Los dos hombres lo llevaron a la fuerza hasta el borde del agua. Plantó los talones, arqueó la espalda y se resistió como un burro envarado. Ahora los otros dos estaban en el agua, tirando de él mientras él seguía en tierra. Descubrió que estaba chillando. De pronto un segundo sonido, mucho más alto y menos articulado que el primero, brotó de las criaturas de la otra orilla. Weston también gritó, soltó a Ransom y disparó súbitamente el revólver, no a través del agua, sino sobre ella. Ransom comprendió al instante por qué lo hacía.
Una línea de espuma, parecida a la huella de un torpedo, venía, acelerada, hacia ellos, y en su centro había una bestia grande, brillante. Devine soltó una maldición, resbaló y cayó al agua. Ransom vio que una mandíbula chasqueante se interponía entre los dos y oyó el ruido ensordecedor del revólver de Weston una y otra vez detrás de él y, casi con la misma intensidad, el clamor de los monstruos de la orilla opuesta, que también parecían estar entrando en el agua. No necesitó decidirse. Apenas se vio libre se abalanzó automáticamente hacia adelante, dejando atrás a sus captores y luego a la astronave, y siguió a la máxima velocidad que le permitían sus piernas hacia la zona completamente desconocida que se extendía más allá. En cuanto pasó alrededor de la esfera de metal sus ojos se encontraron con una confusión feroz de azul, púrpura y rojo. No disminuyó la marcha para investigar. Chapoteó a través del agua y gritó, no de dolor sino de sorpresa porque el agua estaba caliente. En menos de un minuto estaba alcanzando otra vez tierra firme. Subía corriendo una pendiente empinada. Y ahora corría entre la sombra purpúrea que se tendía entre los tallos de otro bosque de plantas enormes.
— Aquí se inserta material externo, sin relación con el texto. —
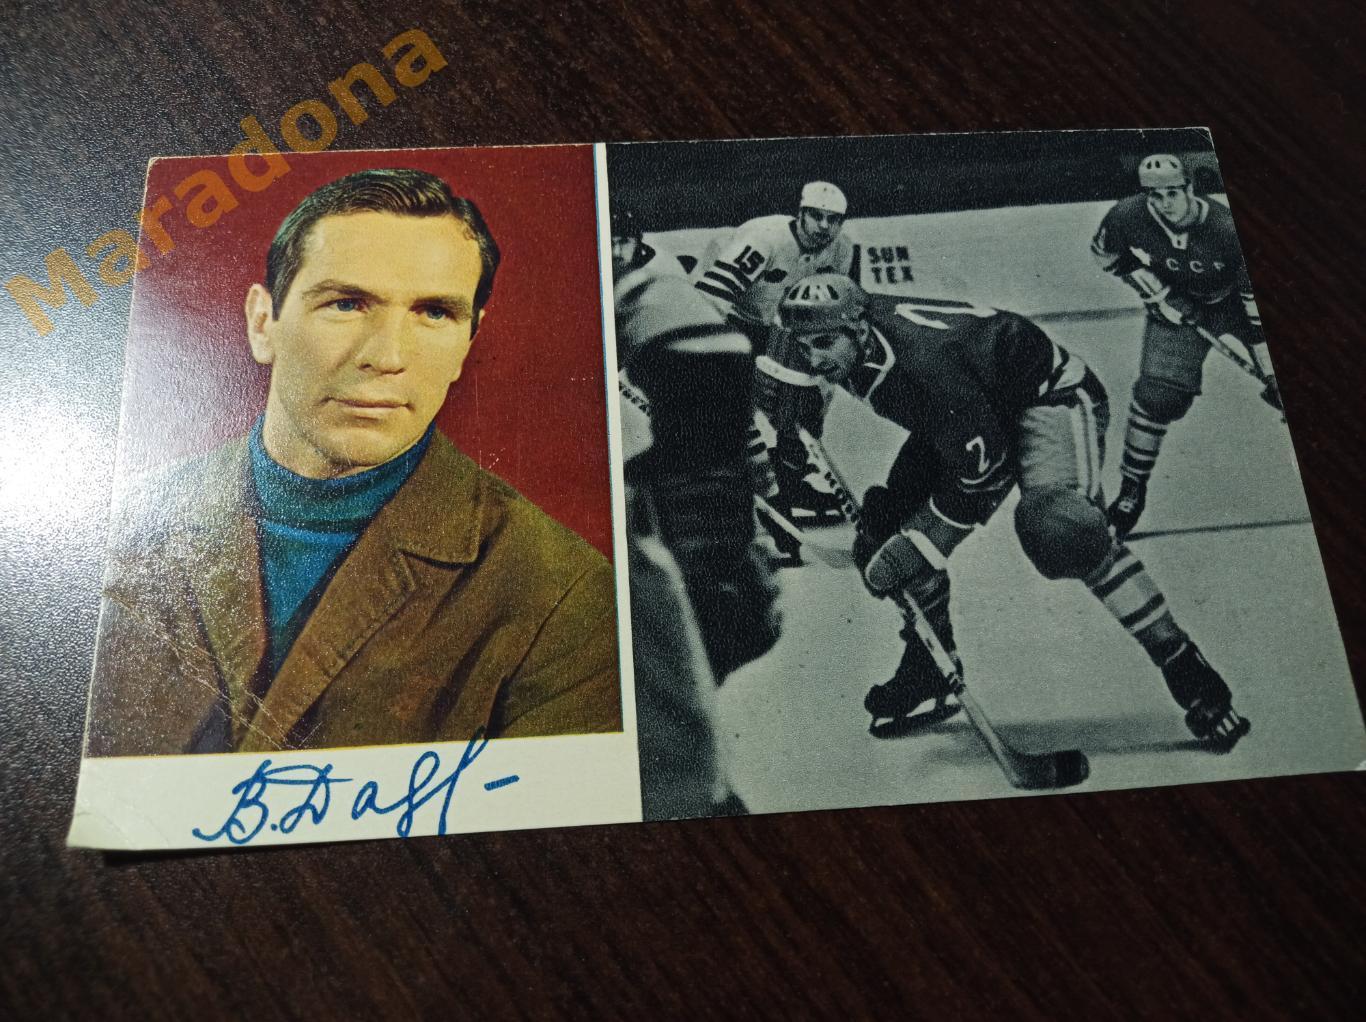 Виталий Давыдов, чемпионат мира по хоккею 1970

Un mes de inactividad, una comida pesada y un mundo desconocido no ayudan a que un hombre corra. Media hora después Ransom caminaba, no corría, a través del bosque, apretándose el costado dolorido con una mano y esforzándose por oír ruidos de persecución. El estruendo de disparos de revólver y voces (no todas humanas) fue reemplazado primero por disparos de rifle y gritos espaciados y luego por un completo silencio. Hasta donde le alcanzaba la vista sólo podía ver los tallos de las grandes plantas rodeándolo y alejándose en la sombra violácea, y, muy por encima de su cabeza, la múltiple transparencia de las hojas enormes filtrando la luz del sol para convertirla en el solemne esplendor crepuscular en el que caminaba. Cada vez que se sentía capaz volvía a correr. El terreno seguía siendo blando y esponjoso, cubierto por la misma hierba elástica que había sido su primer contacto con Malacandra. En una o dos ocasiones un animalito rojo cruzó corriendo el sendero, pero fuera de eso no parecía haber vida en el bosque; nada que temer… salvo el hecho de vagar sin provisiones y solo en un monte de vegetación desconocida a miles o millones de kilómetros del alcance o del conocimiento del ser humano.